💀 Scuwl 💀
Simple custom wordlist generator
Scuwl (skull) is a Python CLI program that quickly and easily generates a wordlist from a webpage. The idea for Scuwl was inspired by the program Cewl. Scuwl defaults to a crawling depth of zero and most webpages return a wordlist in less than a second. Using a crawling depth of one generally takes a few minutes.
Scuwl is fast because it recursively scrapes websites asynchronously. Scuwl minimizes its memory footprint by processing HTML as it goes and updating the wordlist in memory as a set.
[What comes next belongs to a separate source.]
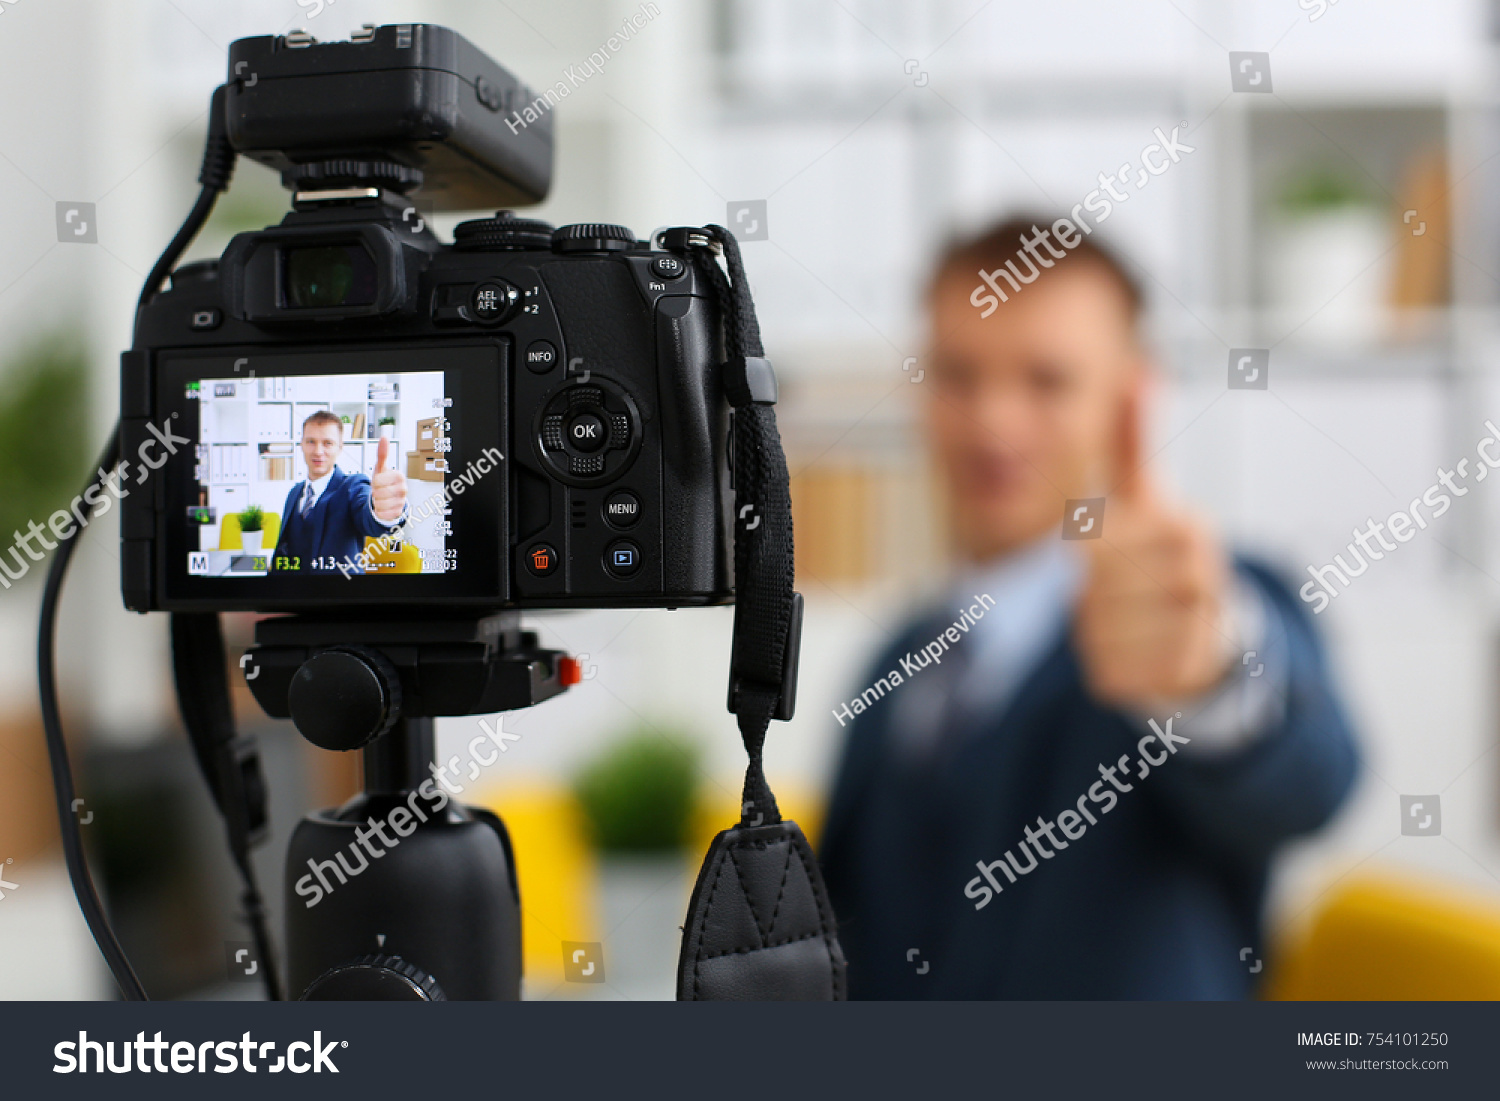 Male in suit and tie show confirm sign arm making promo videoblog or photo session in office camcorder to tripod closeup. Vlogger promotion selfie solution or finance advisor management information #754101250

By default Scuwl keeps unique words, three characters long and over, and removes all punctuation.
Note: Using a crawling depth of over one remains untested.
Features
- Fast recursive asynchronous web requests using aiohttp
- CLI options gives you control over the generated wordlist
- Simple Python codebase (< 150 lines)
- Low memory usage (~80MB)
Installation
python -m pip install scuwl
Usage
$ scuwl -h
usage: scuwl.py [-h] [-d DEPTH] [-H HEADERS] [-m MIN_LENGTH] [-o OUTFILE]
[-P PROXY] [-p] [-u USER_AGENT] [-v]
url
💀SCuWl💀, Simple custom wordlist generator.
positional arguments:
url url to scrape
options:
-h, --help show this help message and exit
-d DEPTH, --depth DEPTH
depth of search
-H HEADERS, --headers HEADERS
json headers for client
-m MIN_LENGTH, --min-length MIN_LENGTH
minimum length of words to keep
-o OUTFILE, --outfile OUTFILE
outfile for wordlist
-P PROXY, --proxy PROXY
proxy address for client
-p, --punctuation keep punctutation
-u USER_AGENT, --user-agent USER_AGENT
user-agent string for client
-v, --version show program's version number and exit
Examples
Generate wordlist and send to stdout
$ scuwl https://github.com/petebuffon/scuwl
topics
out
scuwl
2022
track
...
Generate wordlist and save as wordlist.txt
$ scuwl -o wordlist.txt https://github.com/petebuffon/scuwl
$ wc -l wordlist.txt
122 wordlist.txt
Keep punctuation
$ scuwl -p -o wordlist.txt https://github.com/petebuffon/scuwl
$ head wordlist.txt
customer
wait?
write
devops
user
Use a crawl depth of one (scrapes all links from input webpage)
$ scuwl -d 1 -o wordlist.txt https://github.com/petebuffon/scuwl
$ wc -l wordlist.txt
6326 wordlist.txt